Das Vorkommen von Petermännchen ist in der Ostsee nicht sehr häufig, kommt aber immer wieder vor. Deutlich häufiger sind die Tiere in der Nordsee anzutreffen.



*abbergen: seemannschaftlich für „in Sicherheit bringen“


----------



## Thomas9904 (12. Juli 2016)

*AW: Pressemeldung Giftiger Fisch sticht zwei Angler: Seenotretter bei Fehmarn im Eins*

Danke an die Jungs und Mädels der Seenotretter..

Hier zeigt sich einmal mehr, warum Angler für die DGzRS spenden sollten, die Seenotretter finanzieren sich rein aus Spenden!!

https://spenden.seenotretter.de/?onlinespenden=true&gclid=CMDJ777e7c0CFdUy0wodTy8F4Q


----------



## capri2 (12. Juli 2016)

*AW: Pressemeldung Giftiger Fisch sticht zwei Angler: Seenotretter bei Fehmarn im Eins*

Prima!

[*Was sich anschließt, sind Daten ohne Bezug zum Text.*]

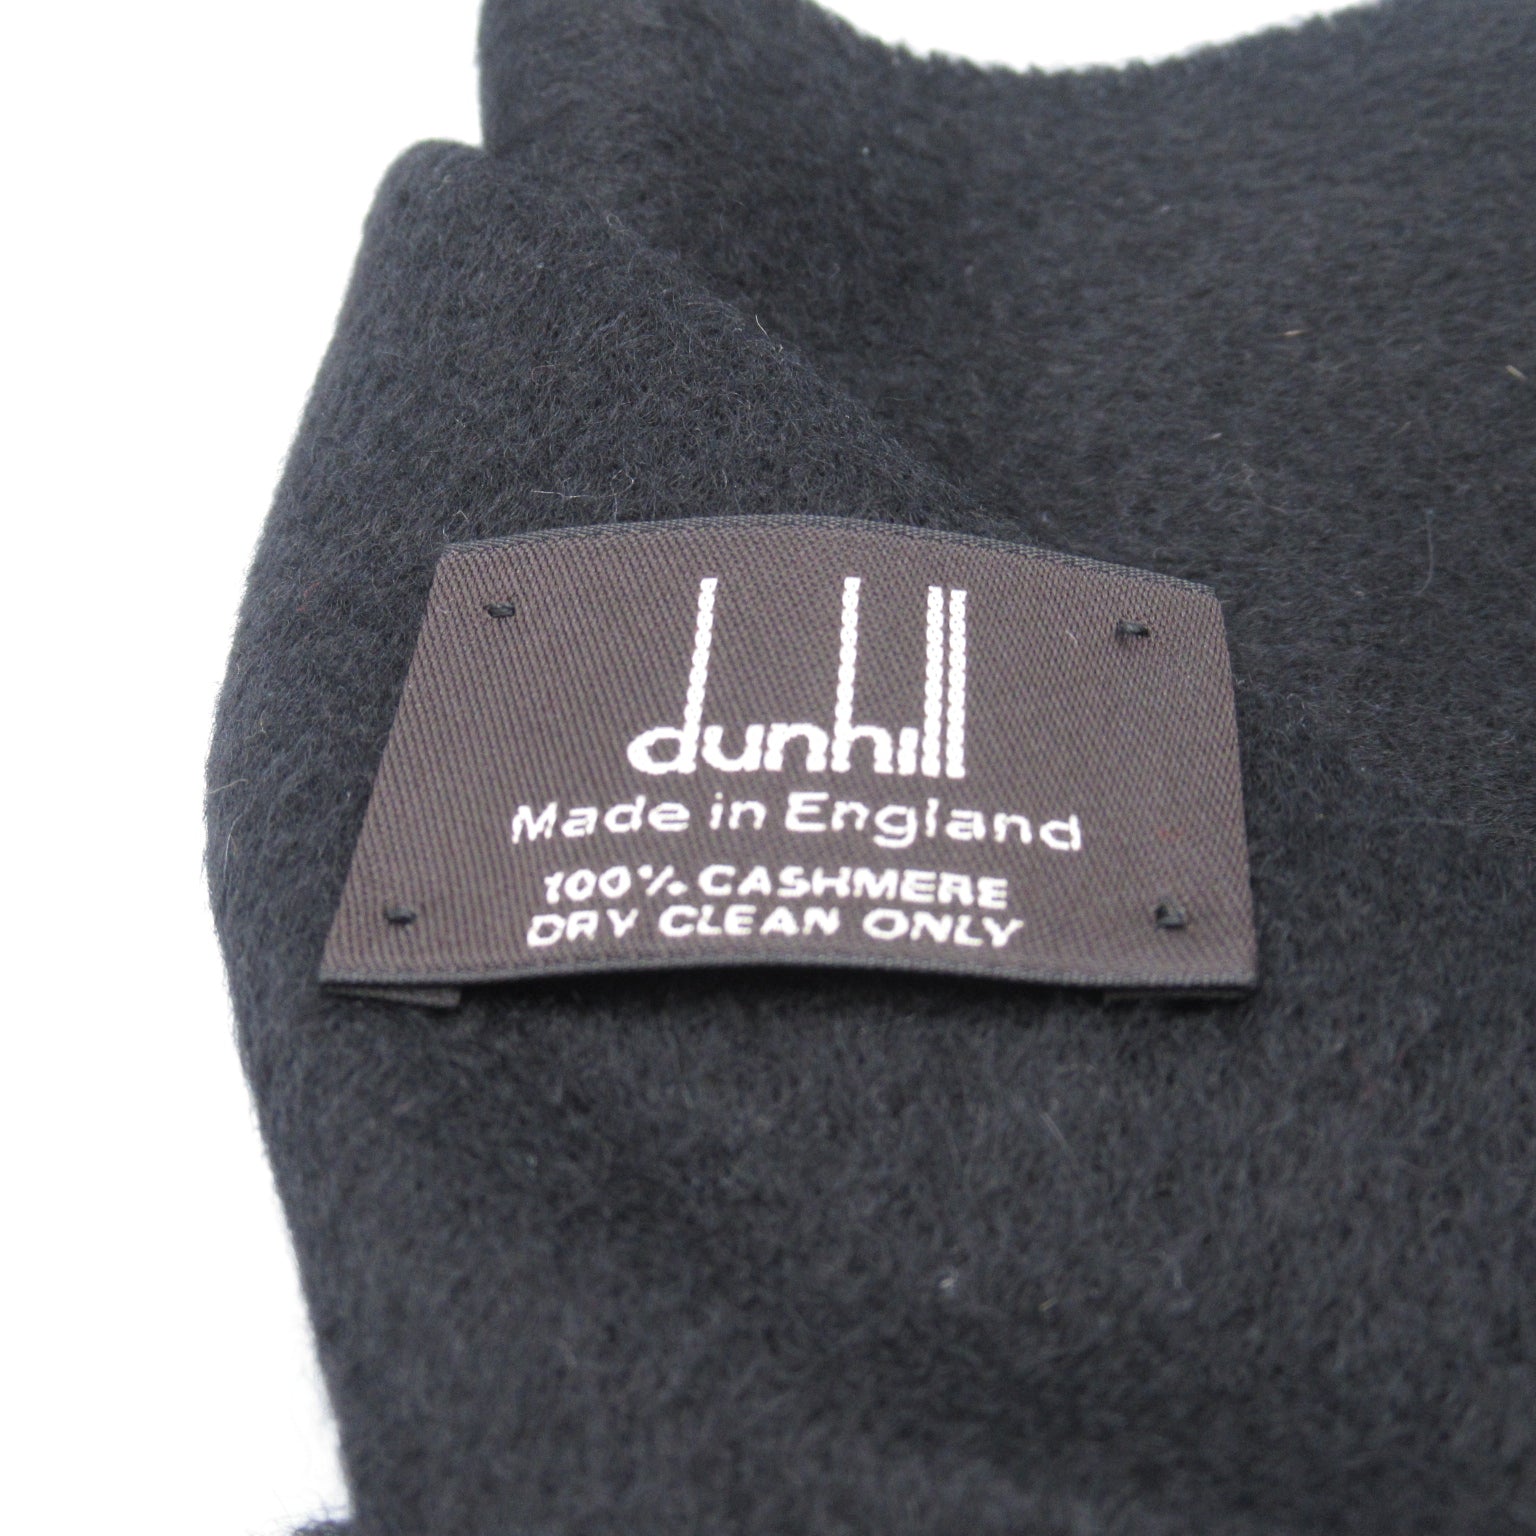 Dunhill Dunhill Maffler Cashmere  Clothes

DA wäre jetzt ein Paypal Donation Button ne tolle Sache#6


----------



## Jose (12. Juli 2016)

*AW: Pressemeldung Giftiger Fisch sticht zwei Angler: Seenotretter bei Fehmarn im Eins*

nochmal in erinnerung rufen:
Giftige Fische in Nord-und Ostsee und Mittelmeer


----------



## Thomas9904 (12. Juli 2016)

*AW: Pressemeldung Giftiger Fisch sticht zwei Angler: Seenotretter bei Fehmarn im Eins*

DANKE Herbert!


----------



## Mittelhesse (12. Juli 2016)

*AW: Pressemeldung Giftiger Fisch sticht zwei Angler: Seenotretter bei Fehmarn im Eins*

Servus . Mit Handschuhe ist auch keine gute Idee !
Auf den Kanaren werden jeden Tag ganz viele Petermännchen gefangen . Die Profis haben eine Zange um den Fisch zu halten .
Gruß Jörg .


----------



## Vibra - Zocker (12. Juli 2016)

*AW: Pressemeldung Giftiger Fisch sticht zwei Angler: Seenotretter bei Fehmarn im Eins*

Moin
Welche Presse - Knalltüten haben denn das geschrieben?
2 Seemeilen sind 5,5km#q Respekt...
1 Sm : 1852m, also etwas über 3,7km!


----------



## A-tom-2 (13. Juli 2016)

*AW: Pressemeldung Giftiger Fisch sticht zwei Angler: Seenotretter bei Fehmarn im Eins*



Vibra - Zocker schrieb:


> 2 Seemeilen sind 5,5km#q Respekt...
> 1 Sm : 1852m, also etwas über 3,7km!


Nun, dann werden es vermutlich drei Seemeilen gewesen sein. 
Zwei und Drei kann man schon mal akustisch verwechseln.


----------